This time `f` it's way more longer than in our previous challenges, instead of complaining about this and give up at the first moment. It's better to try to understand small pieces of this code.

Let's start from instructions in memory 0 to instruction in memory 0x10. From these instructions we can notice, that our parameters came from registers `rdi`, `rsi` and `rdx`. We perform a check on one of them, to see if it's equal to 0.

Now interesting enough, we have that in `rdi` we receive a callback function. If you take a look, `rdi` it's moved to `r12` who later it's been called on instruction in 1e. For that reason we can infer, that one of the arguments passed to `f` it's a callback function.
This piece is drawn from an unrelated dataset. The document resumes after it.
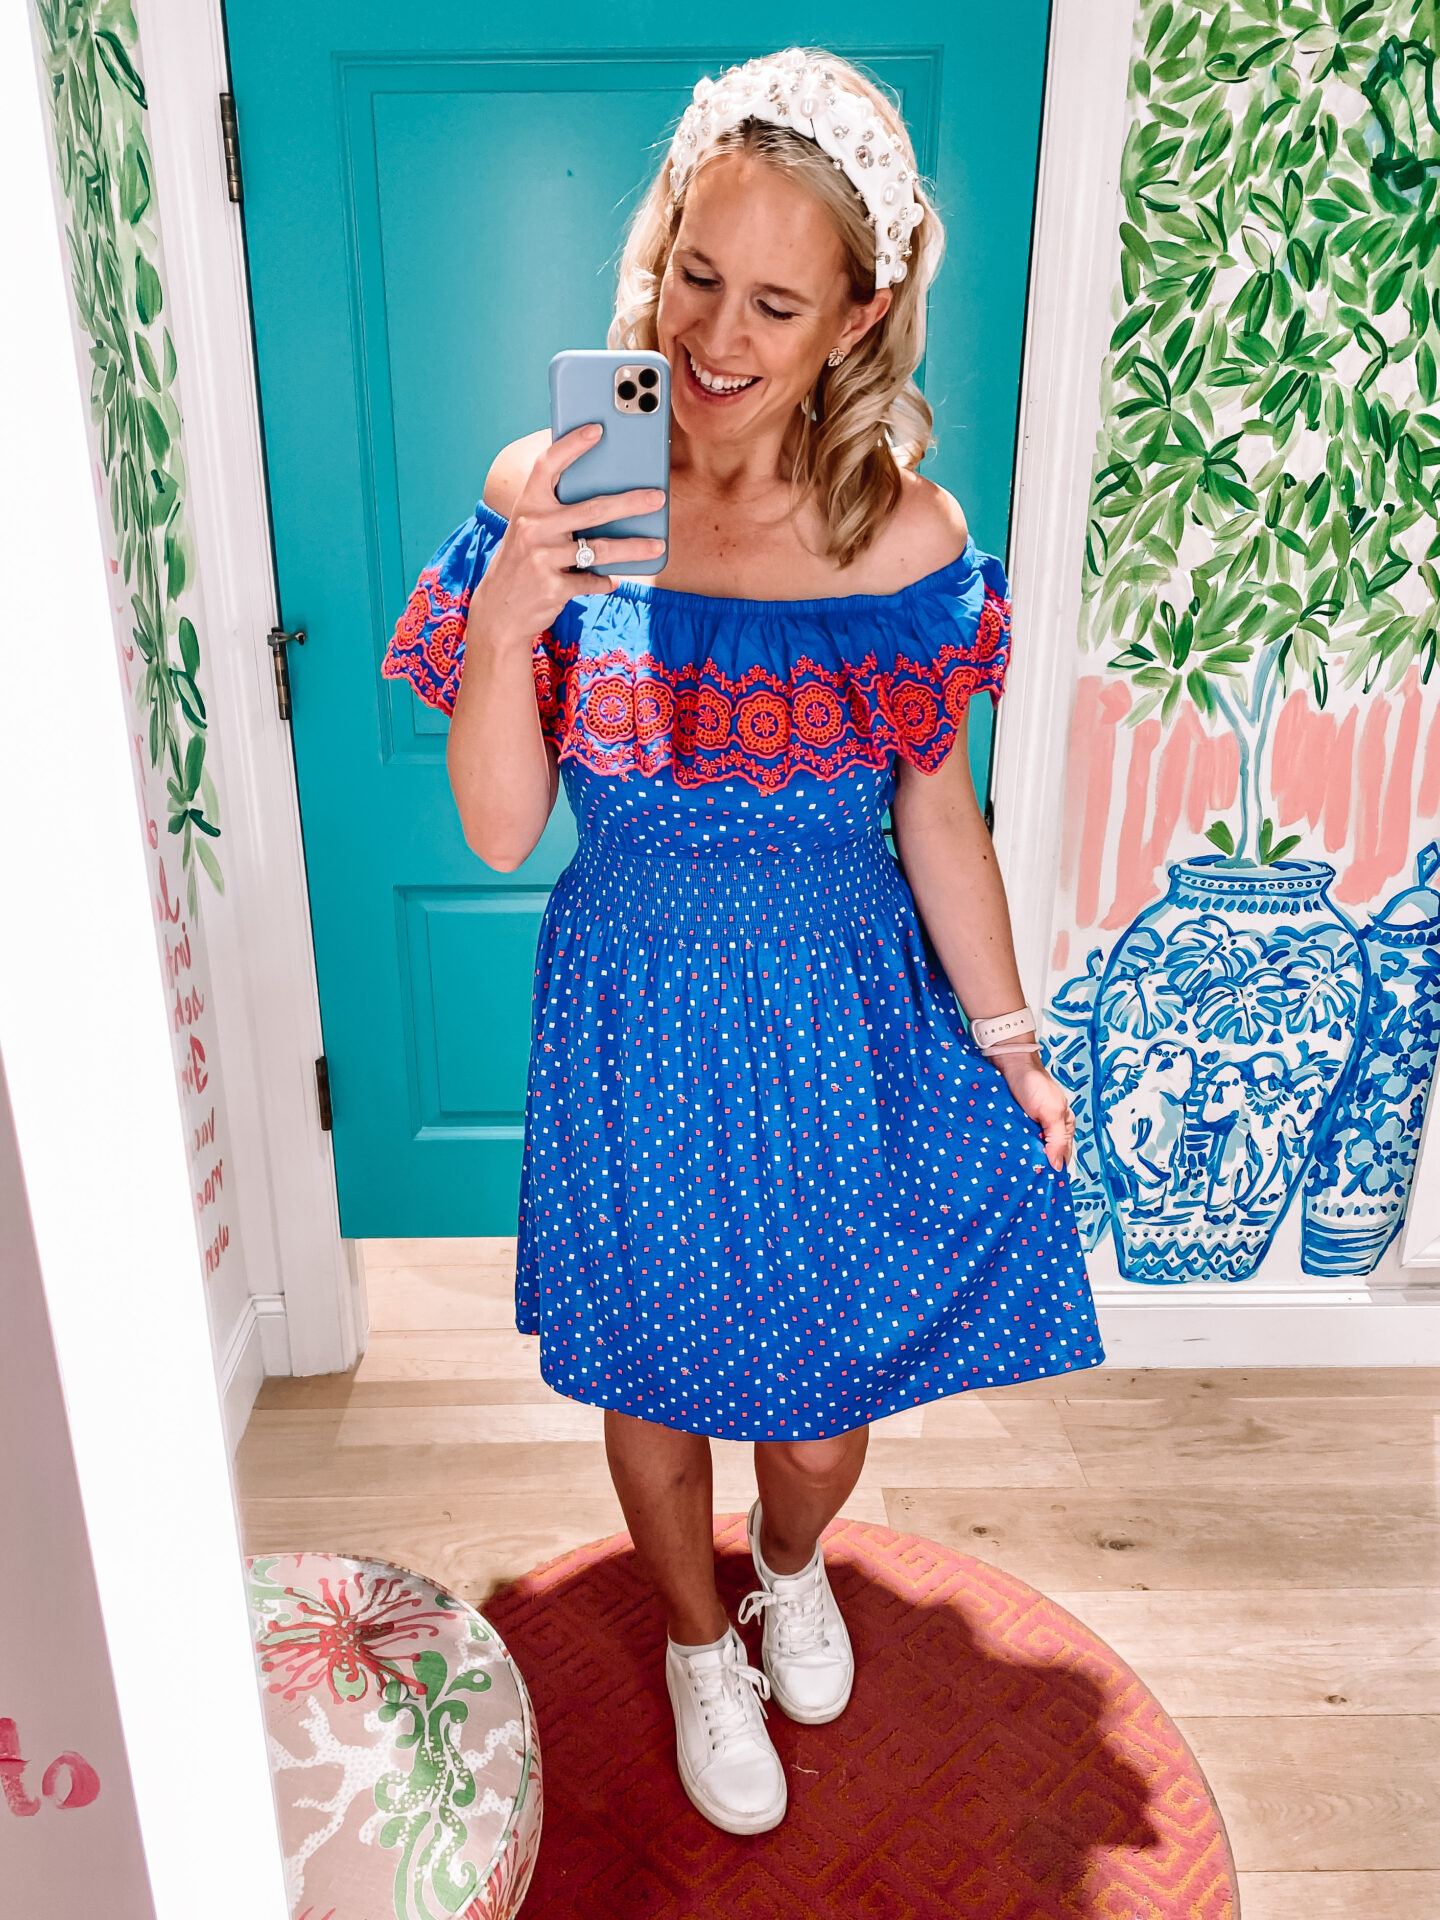 Summer 2022 Lilly Sunshine Sale Predictions | Lilly Pulitzer summer sale and dresses

What can we tell about the signature of this callback function? Well tracking the use of register `r12` you can notice that the function takes two arguments, `rsi` and `rdi` and return the value int `eax`. Every `call r12` it's followed by a check on `eax`, where if we have zero or NULL value we jump to the end of the program, otherwise we jump to position 0x25. Looking at the use of its arguments, we can take a save assumption that the first one can be number while the second...well the second one is not so straight forward, let's take a look at its use in the program.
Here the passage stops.